A car door slammed. Movement registered in his peripheral vision. The driver waiting for the damn parking spot. “Hey, man. Is she okay?”
“Help me get her in the passenger seat.” Harvey did his best to get to his feet, but his knee had reached its limit. It took everything he had to trust the driver with the woman in his arms. A ridiculous notion considering he and Drennan weren’t anything more than acquaintances, but possessiveness strangled him all the same. Together, he and the driver maneuvered Drennan into the van, but the vice around his rib cage refused to release until he’d climbed behind the wheel and tore out of the visitor’s center parking lot.
Screw the body in the back. Something was wrong. Pregnant women didn’t just pass out for no reason. He might not want to be part of this baby’s life, but he’d sure as hell step up when it came to its well-being. He owed Drennan that much.
Pulling in front of the small Springdale emergency clinic, Harvey left the van running with air-conditioning to counter the heat collecting around the body in the back and rounded the hood to Drennan’s side. His knee threatened to give out a second time, but he bit through the shredding discomfort, lifting her against his chest with an unfamiliar panic building behind his sternum. “Almost there.”

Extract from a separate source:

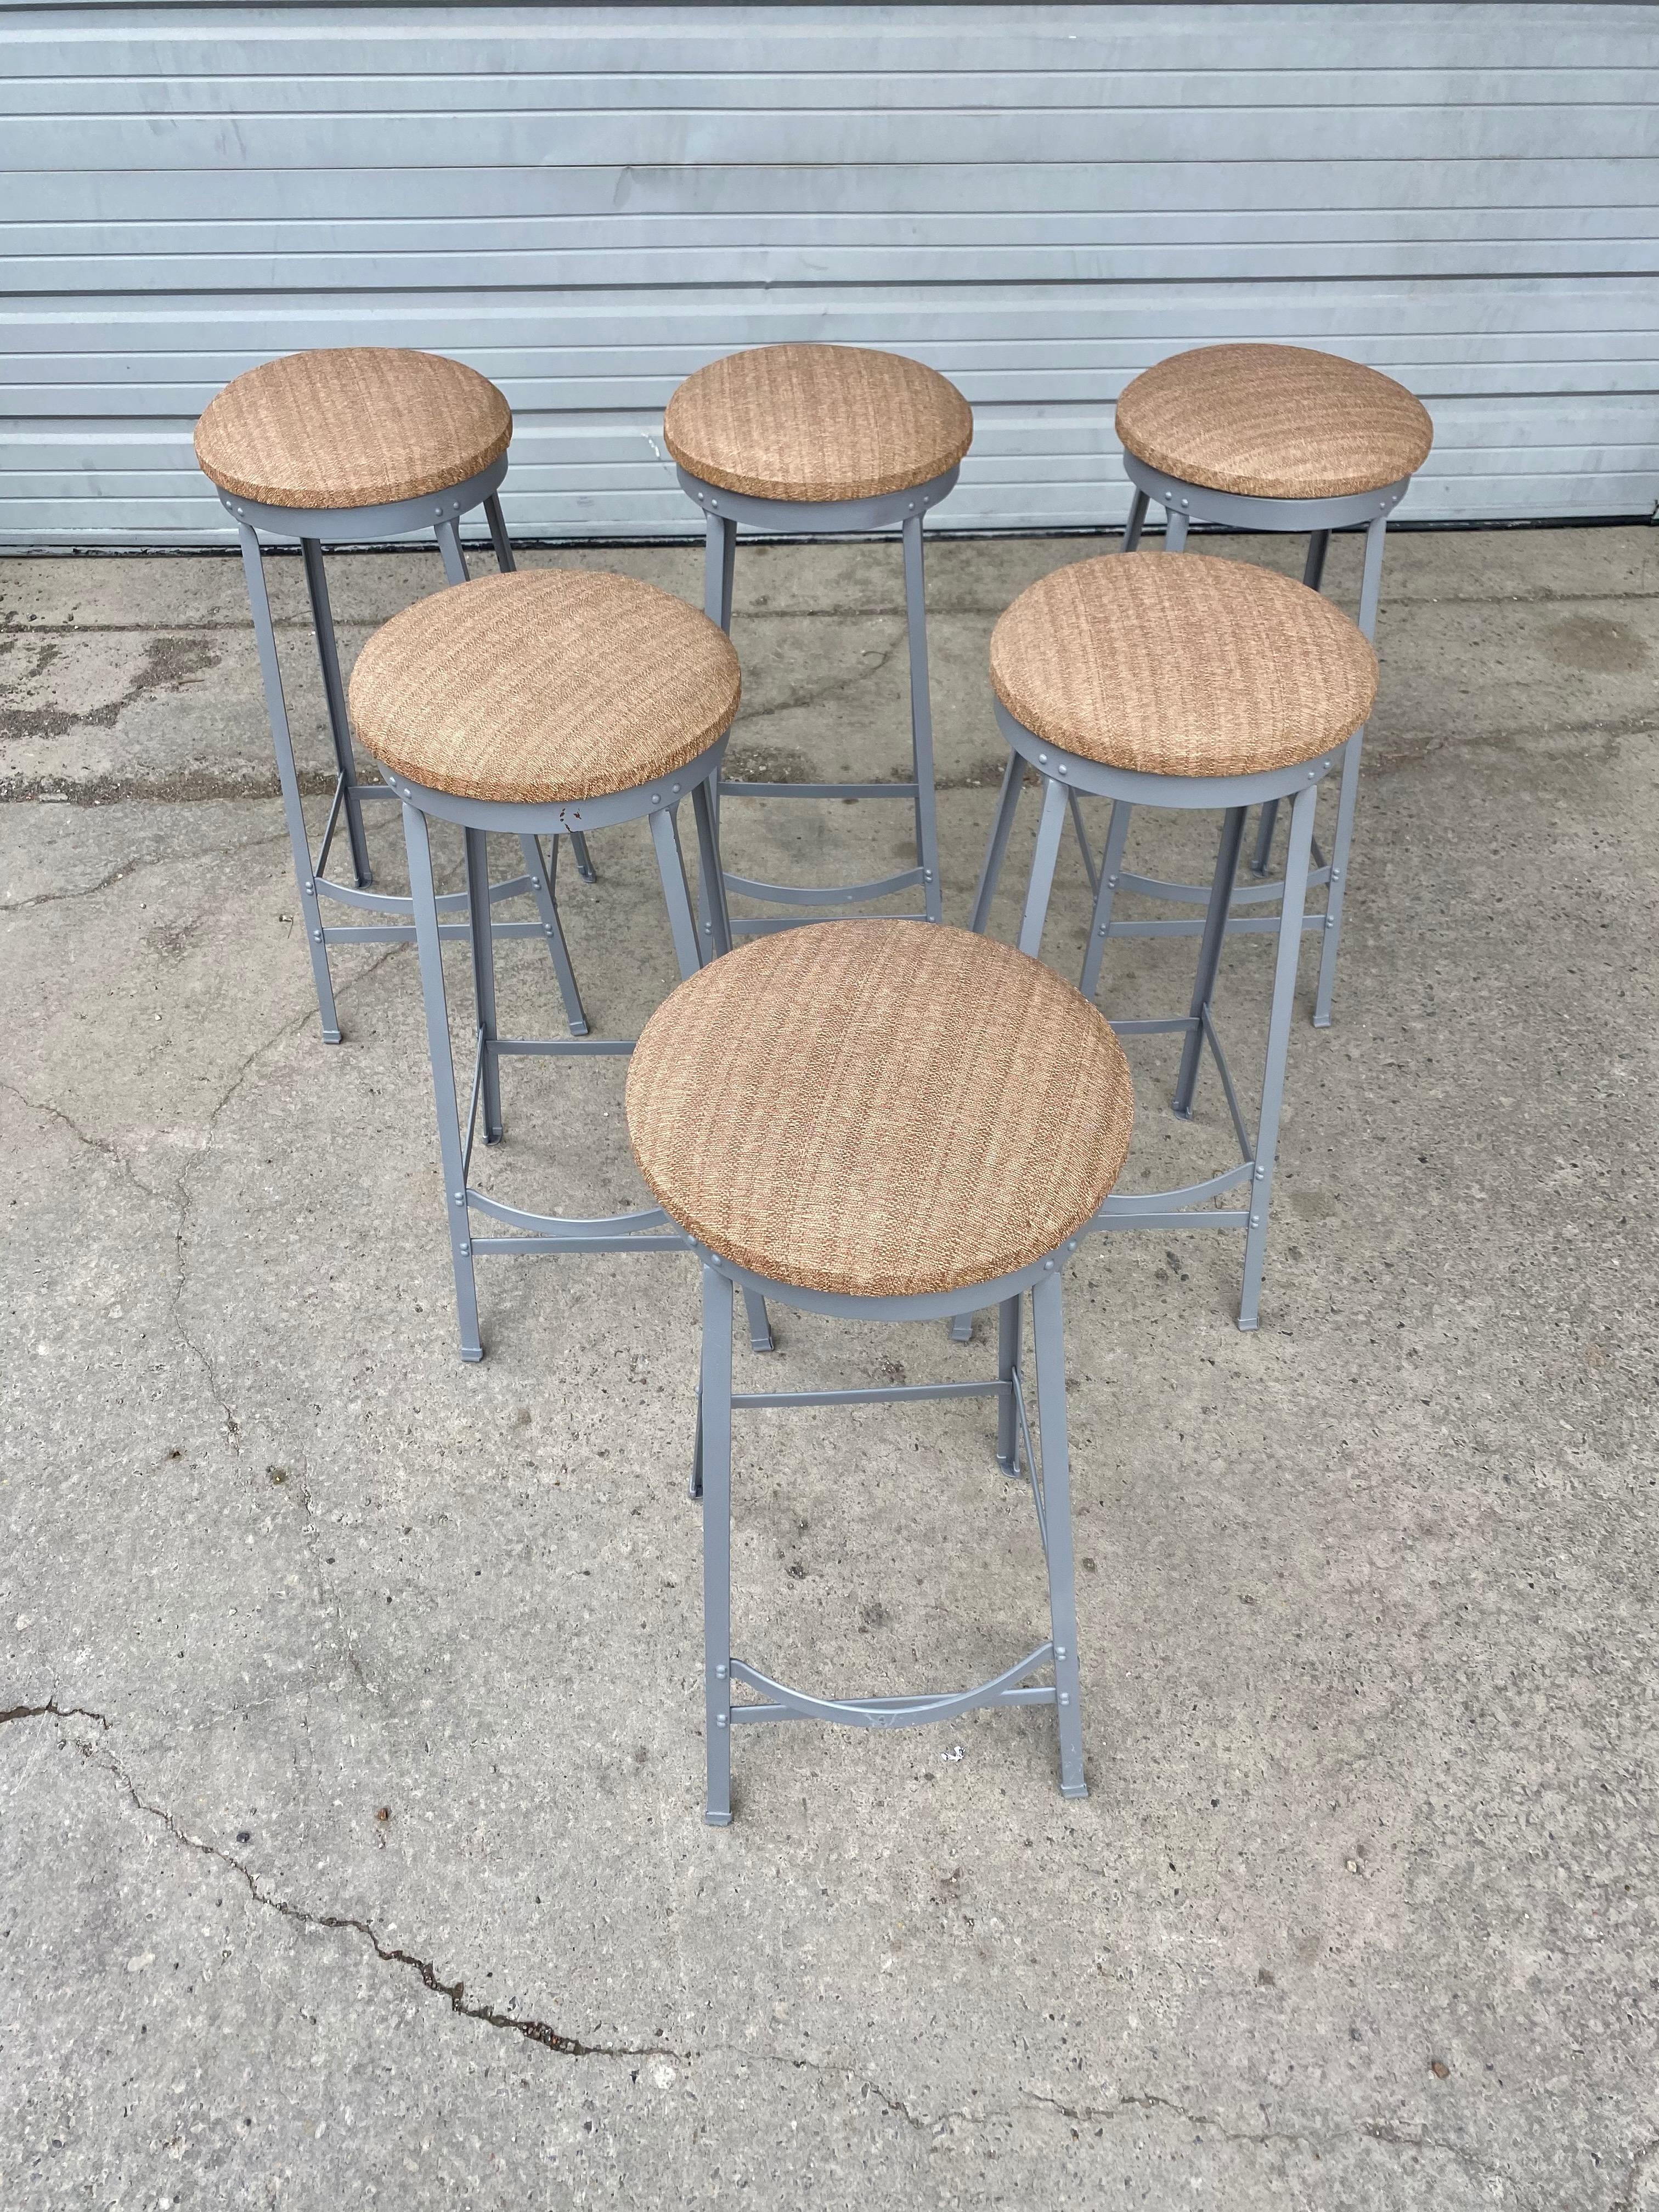 Set of Six American Industrial Bar Stools, Attributed to Toledo Metal Furniture In Good Condition For Sale In Buffalo, NY

The glass doors parted as he pushed himself to his limits. Two nurses caught sight of him and rushed to meet him halfway with a stretcher. Harvey laid her out, every sense he owned screaming to get her back in his arms. “She passed out about ten minutes ago after throwing up. She’s pregnant, about eight weeks.”
“We’ll get her checked out as soon as we can.” The nurse strapped a blood pressure cuff around Drennan’s arm and pressed a stethoscope to her chest as the stretcher headed for the back rooms. Then cut her attention to Harvey. “Sir, you have to let go of her hand. Unless you’re family, you’re not permitted back here. Are you the father of the child?”
He hadn’t realized he’d intertwined his hand with Drennan’s and released his hold. Instant cold flooded through him at the loss of her warm skin pressed against his, but Harvey had survived this loss two months ago when he’d let her drive away. He’d do it again. For Drennan and the baby. “No. I’m not the father.”
Chapter Five
Ugh. She hated that sound.
Drennan could feel the tug of the IV in the back of her hand. The slight cold burn of fluids eased through her veins before warming up in her forearm. Every sense she owned felt intensified, from the overly loud pulse of the heart rate monitor to her left and the shuffling and voices outside the curtain surrounding her bed to the air-conditioning blowing straight down on her.
A hospital. The unconscious haze cleared with deeper inhales. Familiar calls on the muted PA and scuffed tennis shoes hit that aching place inside of her that missed her former life. An ER—even on slow shifts—had never been boring.
The stained cream-colored curtain ripped to one side on metallic shower hooks, putting a thin dark-haired woman with a clipboard clutched to her chest swallowed by her white coat in Drennan’s personal space. Rich brown eyes locked on her with a hardness that had no business on the doctor’s face. “You don’t call. You don’t write. The first I hear about you taking that job with the ME is by your ass landing in my ER.”
Drennan attempted to sit up, only to be humbled by the overwhelming sting in her hand from the IV line. Hospital. Throwing up. Passing out. Her heart rate double-timing as panic took hold. “The baby—”
“Perfectly healthy. No issues that we could see.” Dr. Cassidy Duffy navigated around to the side of Drennan’s bed, checking her IV bag and the stats the machines picked up every fewseconds. The woman exemplified the girl next door, with long brown hair, a soft smile that reached her eyes and an openness that calmed patients under her care into a coma. Her accent—straight from the streets of Boston—could do wonders in a crisis. “Seems you got a touch of dehydration, and by a touch, I mean you could’ve died out there. You’re smarter than this, D. What the hell were you thinking?”